While the Brightliners were the first large fleet of mass-produced stainless-steel cars the MTA purchased, the sleek, modern, and stylish vintage cars are the last ones to feature front windows through which passengers can look. 

The MTA started to take the Brightliners out of service in 2002, and a few years later, the MTA introduced its New Technology Trains, which originally all included in every car, although many are now missing: three quite helpful, light-emitting diode (LED) screens that are supposed to display each train’s route and the next ten stations at which it will stop.

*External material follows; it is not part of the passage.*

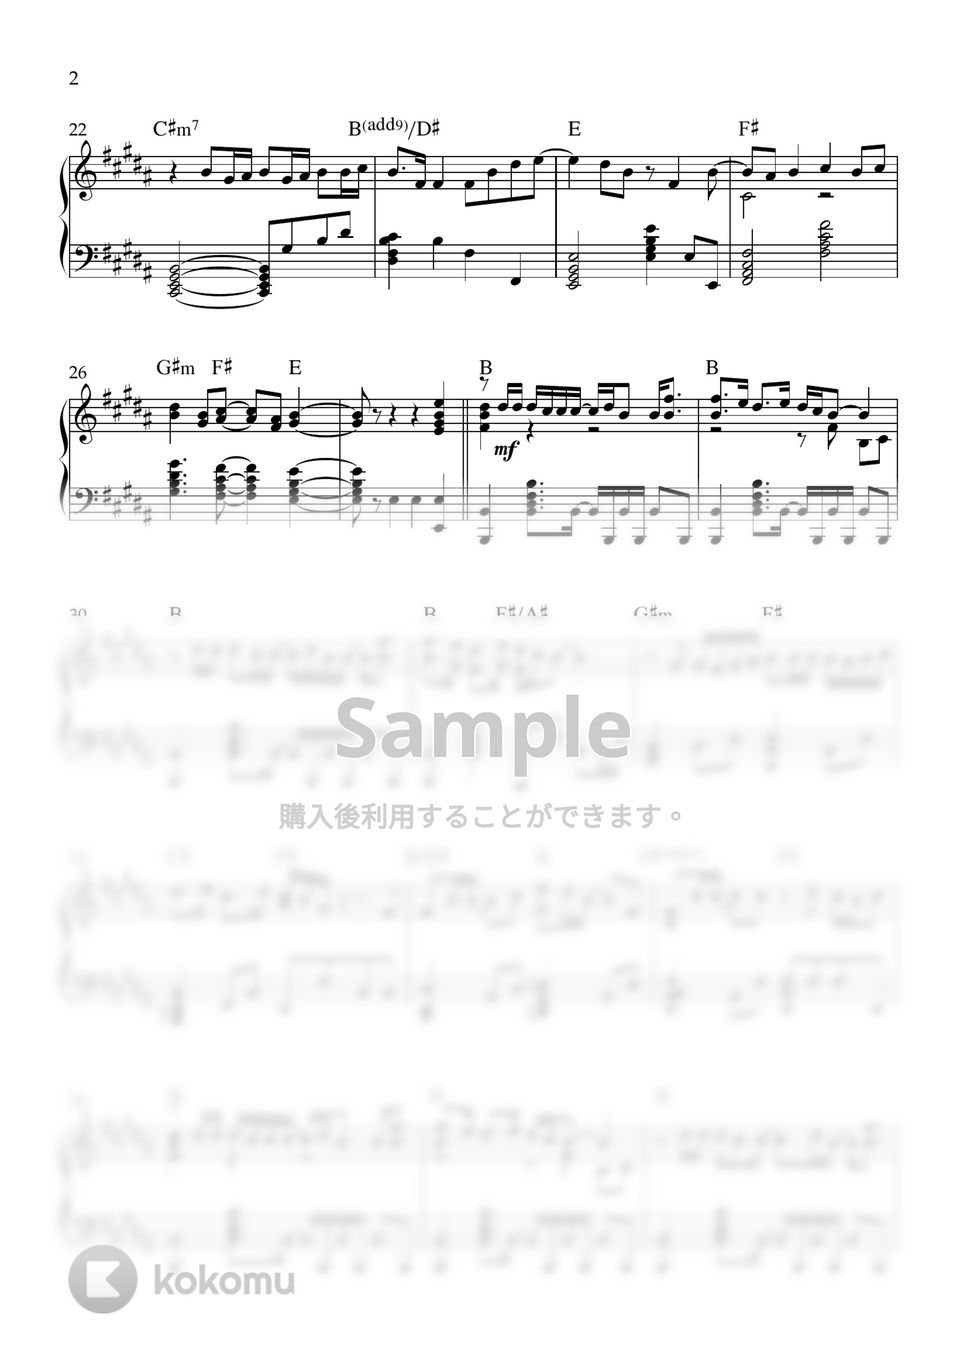 BUMP OF CHICKEN - 窓の中から (ピアノソロ) by kanapiano

Instead of relegating the majority of the old subway cars to sit in landfills: most of the old train cars were sunk in the Atlantic Ocean to provide man-made supports for the thousands of species of ocean plants and sea animals, such as barnacles, corals, sponges, clams, bryozoans, and hydroids require hard surfaces to cling to and to complete their life cycles. 

In bodies of water that have few naturally occurring reefs, old man-made structures, such as shipwrecks, decommissioned military vehicles, oil rigs, sculptures, and even old subway cars can ease the pressure on naturally-occuring reefs and become places on which corals and other sea creatures can build new homes.

As the invertebrate sea creatures thrive, they send energy and life up the food chain and provide biological growth that creates additional habitats and provides more sustenance for snappers, groupers, mackerels, sharks, and other fish species. 

When cities donate old large, man-made objects to Artificial Reefs, otherwise unused objects can be used underwater to revitalize parts of oceans into hotbeds of wildlife that send life to the water’s surfaces.